Ночной осенний лов семги сетями шел и на Северной Двине вплоть до Холмогор и даже Усть-Пинеги, чем занимались особые сёмужьи артели, в которых принимали участие и куростровцы.

* * *

Новоманерный гукор Ломоносовых доставлял на промыслы соль и служил для перевозки сухой и соленой рыбы, заготовленной промышленниками. Но Василий Дорофеевич Ломоносов, несомненно, и сам участвовал своим трудом в промысле, вступая в котляну, объединявшую несколько судов и артелей. Он из года в год направлялся на одно и то же становище в Кеккурах и возвращался оттуда только в самом конце промыслового сезона.

Кроме участия в промыслах, В. Д. Ломоносов развозил на своем гукоре «разные запасы» по всему побережью Белого моря и Ледовитого океана — «от города Архангельского в Пустозерск, Соловецкий монастырь, Колу, Кильдин, по берегам Лапландии, Самояди и на реку Мезень», — как утверждает академическая биография М. В. Ломоносова 1784 года.

В. Д. Ломоносов доставлял казенные хлебные запасы в Кольский острог, укрывшийся за скалистыми кряжами, обступившими его со всех сторон. Деревянный острог с рублеными массивными башнями защищал бухту. Посреди острога высился огромный собор, сложенный в 1684 году из необыкновенно толстых бревен. [50]Девятнадцать серых чешуйчатых глав придавали ему величавую легкость. Гарнизон, сидевший в остроге, насчитывал до пятисот человек. Для них-то и завозили казенный провиант на всю зиму.

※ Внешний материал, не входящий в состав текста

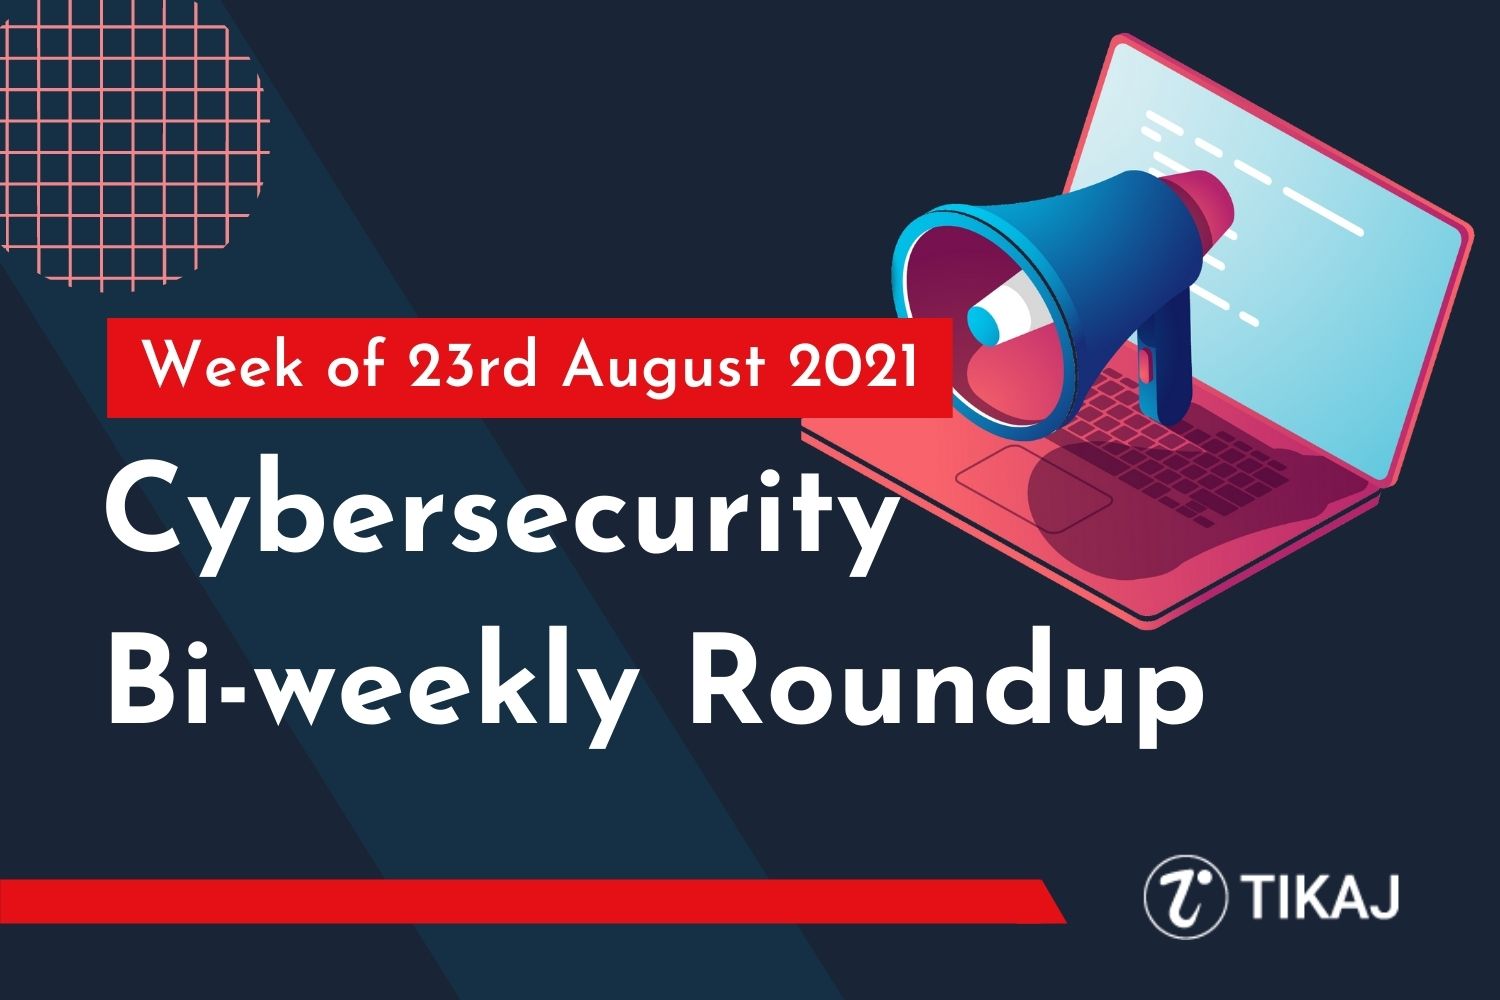 Cybersecurity Bi-weekly Roundup: Week of 23rd August 2021

Недавно в Центральном государственном архиве древних актов в Москве (ЦГАДА) в фондах Николаевского Корельского монастыря была обнаружена квитанция, выданная архангельским таможенным головой Иваном Ботевым крестьянину Куростровской волости Двинского уезда Василию Ломоносову и служебнику Корельского монастыря Дементию Носкову о получении с них пошлины с подряда на провоз казенного провианта от Архангельска до Кольского острога «на своих судах». Квитанция выдана 17 июля 1729 года. Из нее явствует, что Василий Ломоносов и Дементий Носков подрядились доставить на своих судах «провианта ржи тысяча триста пятьдесят овса сто шестьдесят восемь четвертей шесть четвериков». «А за провоз дано четыреста семьдесят рублев пятьдесят две копейки, с того десятой по десяти копеек с рубля семьдесят копеек три четверти и в книгу в приход записаны».

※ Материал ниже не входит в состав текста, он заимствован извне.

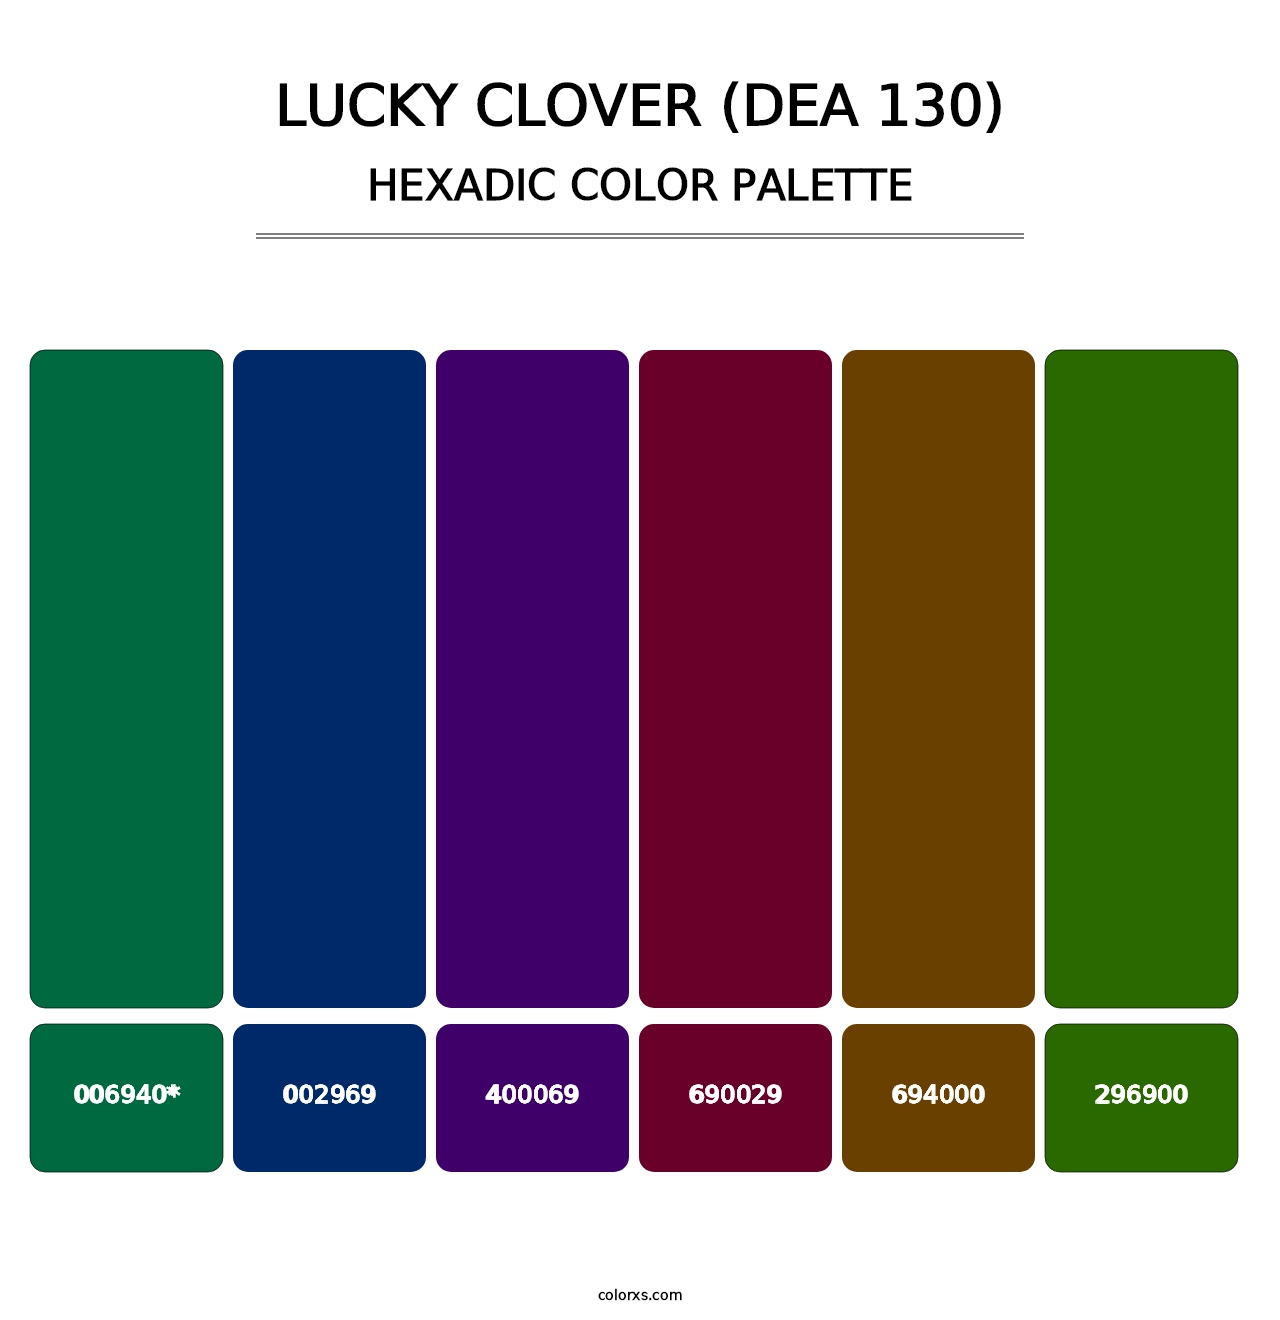 Lucky Clover (DEA 130) - Hexadic Color Palette

В. Д. Ломоносов принимал участие в таких перевозках регулярно. До нас дошла другая запись о сборе в казну (1735 года) с пяти подрядчиков; города Архангельского посадского человека Ивана Шестакова, крестьян Куростровской волости Василия Ломоносова, Нехотской волости Андрея Маркова, вотчины Соловецкого монастыря Кемского городка Григория Еремееева и монаха Николаевского Корельского монастыря Анфима. Они подрядились доставить «на своих новоманерных крепких судах» из Архангельска в Кольский острог «на дачю обретающимся в том остроге служилым людям жалованья», провианта «ржи и муки ржаной и круп овсяных две тысячи триста двадцать восмь четвертей три четверика три четверти». За доставку груза на Колу они «найма взяли» по тридцать копеек с половиной с четверти, а всего по контракту 693 рубля 18 копеек с четвертью. С того найма была взята обычная пошлина — 69 рублей 31 копейка. [51]

вернуться

48

А. И. Фомин. Опыт исторический о морских зверях и рыбах промышляемых Архангелегородской губернии жителями в Белом море. Северном и Ледовитом Океане, с описанием образа тех промыслов. В кн.: «Путешествия академика Ивана Лепехина в 1772 году, часть четвертая», СПб., 1805, стр. 361–362.

вернуться

49

Отмечено Н. Озерецковским в книге «Путешествия академика Ивана Лепехина в 1772 году», ч. IV, стр. 38.

вернуться

50

Собор был варварски сожжен англичанами во время Крымской войны 1854–1855 гг. Кола в то время уже не представляла собой укрепленного пункта и не имела гарнизона.

вернуться

51

ЦГАДА, фонд Николаевского Корельского монастыря № 1402, дд. 357 и 429.